If upstream just routes the packets to you with the destination address that you are pinging, it is routed to you and should work.

If upstream sends a neighbor discovery for a different address, try using that as your WAN address on the corresponding /64.

If upstream sends a neighbor discovery for the pinged address on WAN, they have put the /48 on WAN and are card-carrying members of the Stupid ISP Club. I find it hard to believe they are that dumb. It's not like we're talking about OVH.

The fact that they gave you this Gateway 2604:2e80:XXXX::1 implies that you should use the :0000::/64 on your WAN interface as you have done and set a default IPv6 gateway to the specified ::1 address. That should leave you with 2604:2e80:XXXX:1::/64 through 2604:2e80:XXXX:ffff::/64 to use on the inside interfaces.

Have you tried setting the interface for DHCP6 and asking for a /48 PD? Perhaps they just nailed that /48 to you.

They really should be able to answer these questions for you. It's 2019.

JKnott

@alankeny said in Splitting a static /48 from Mediacom into subnets:

With their static IPv6 allocation, the WAN side is basically a bridged network that can have 1,208,925,819,614,629,174,706,176 IPv6 hosts on it, and that's the only configuration option available.

That's nonsense.

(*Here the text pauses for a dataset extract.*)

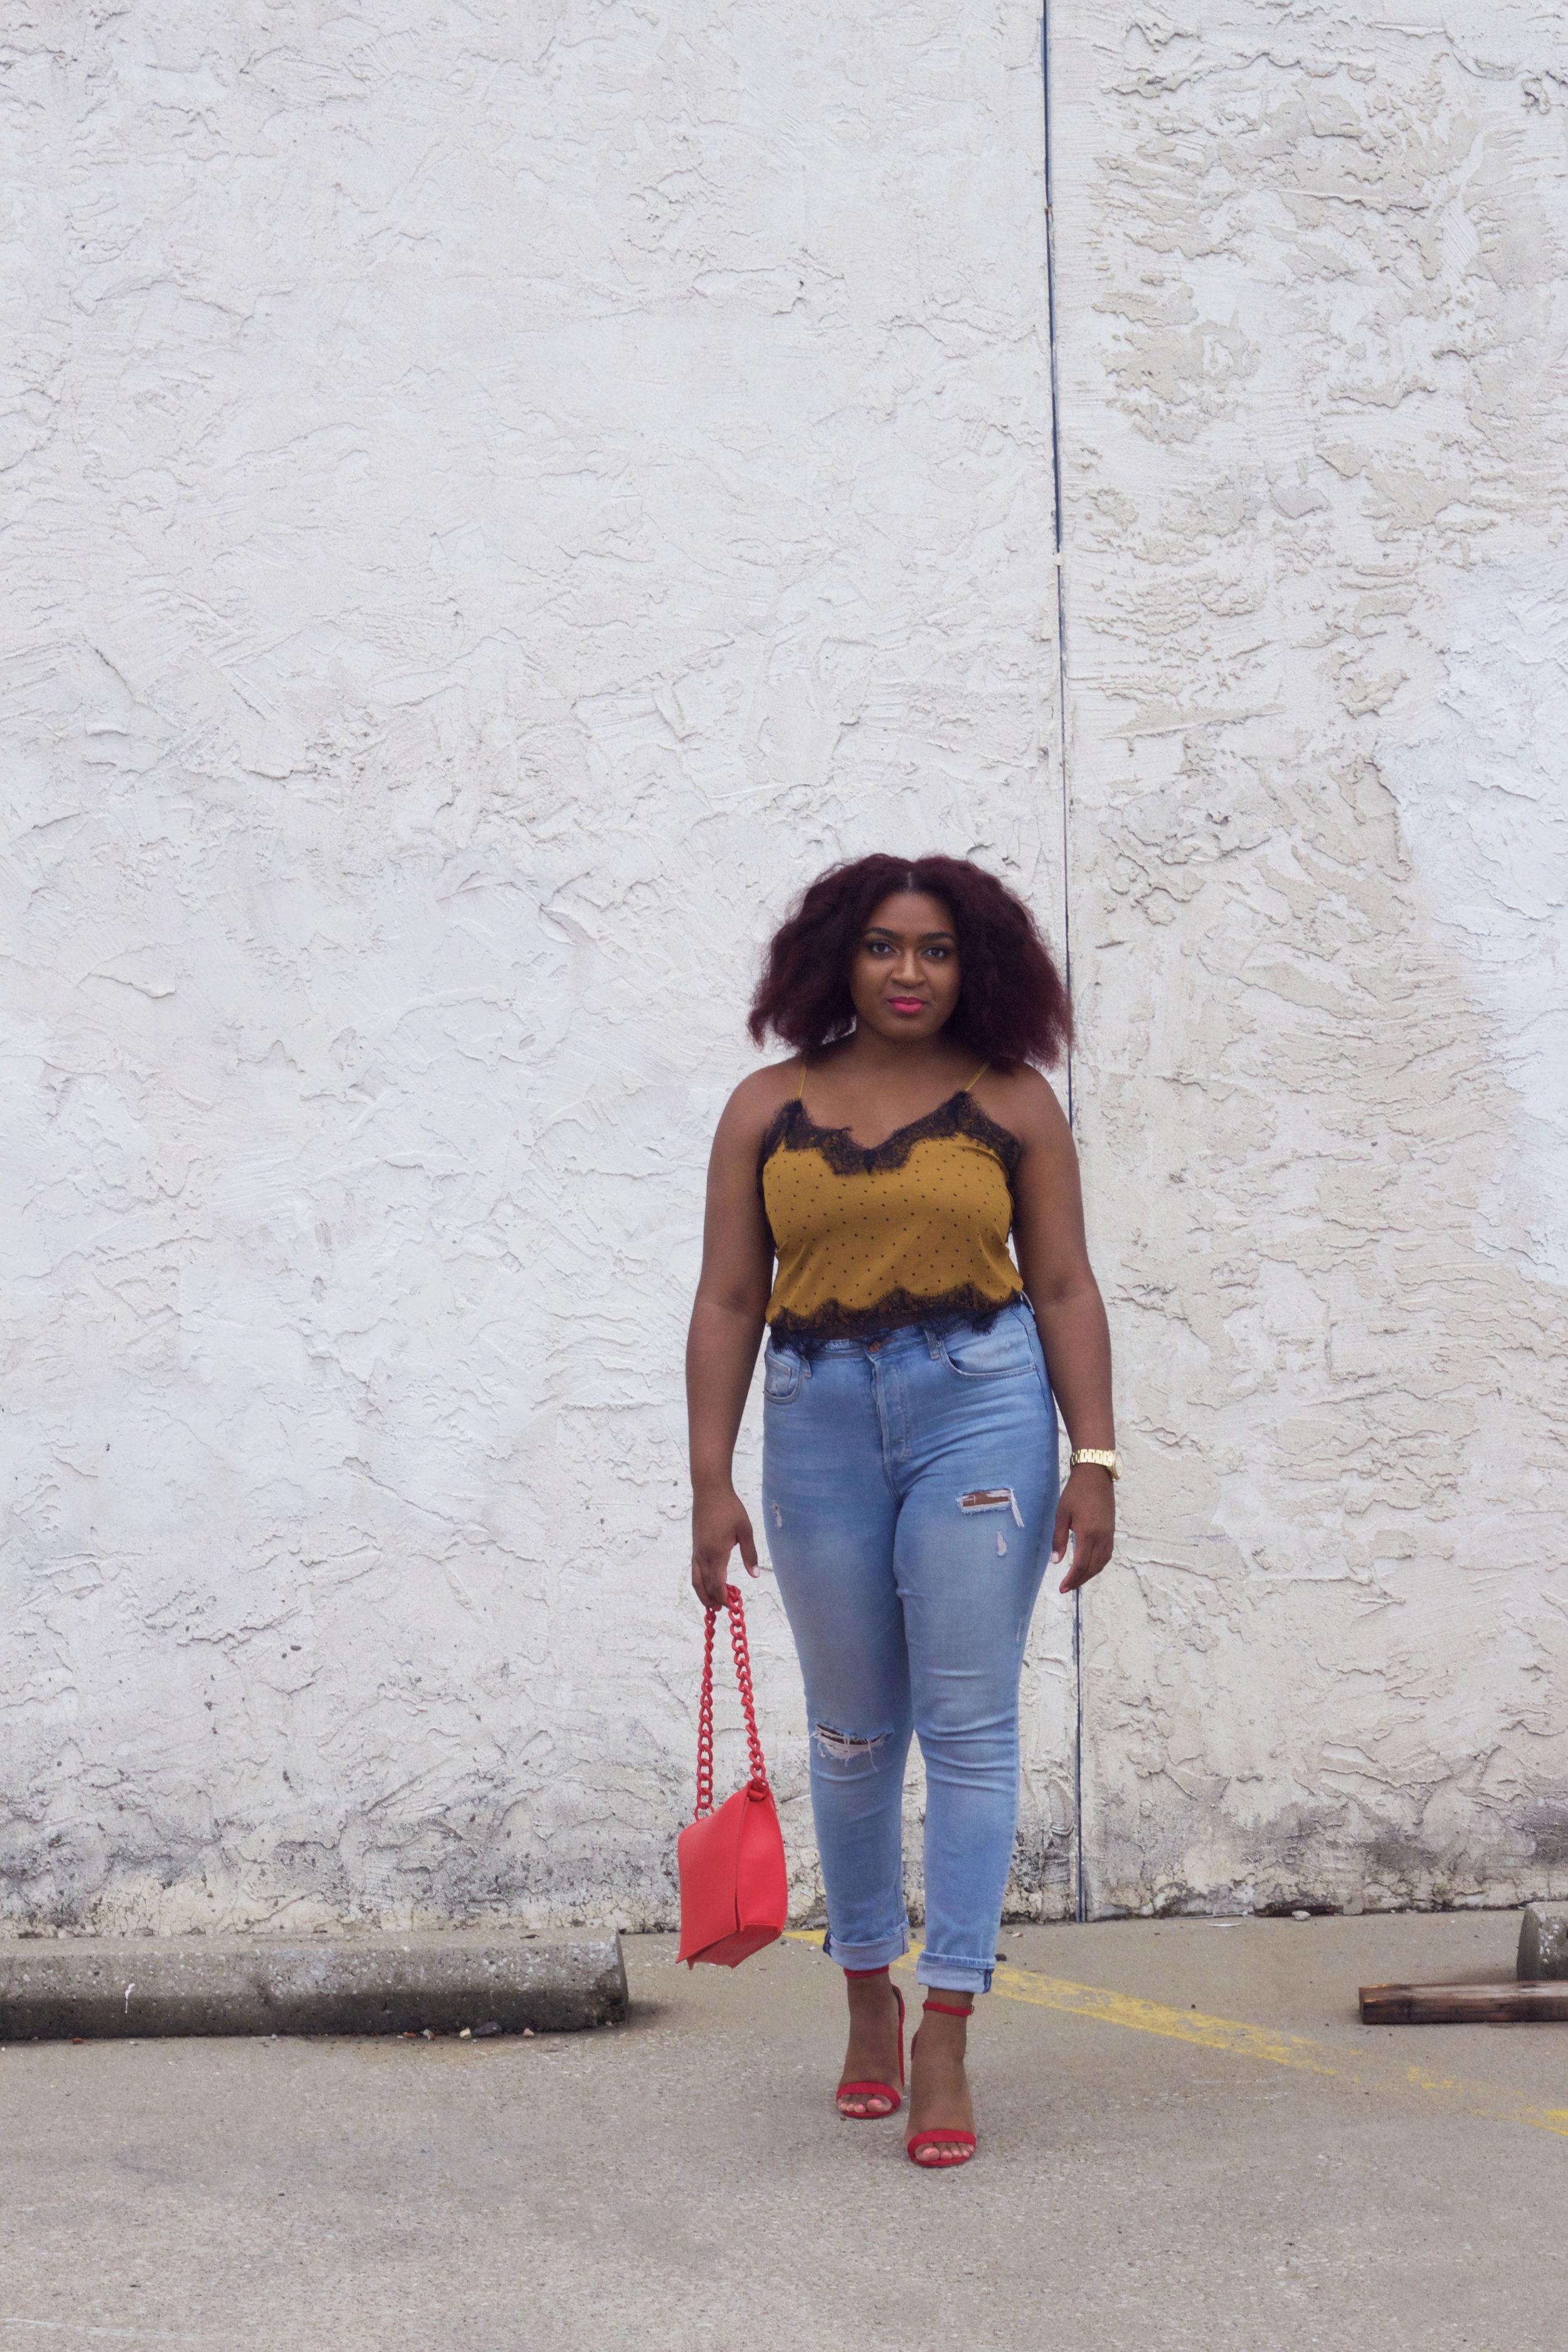 jasmine diane with big natural hair in kansas city

A /48 is not usable in that manner. It's supposed to be split up into /64s, which are what is used on a LAN. For example, I have a /56. One /64 is used for my main LAN, a 2nd for a test interface and a 3rd for my VPN. MY ISP uses DHCPv6-PD to provide my prefix and WAN interface address. As Derelict mentions, take a look at what's on the wire. You might want to see if you can talk to 2nd level support. Maybe they might have a clue about how IPv6 works.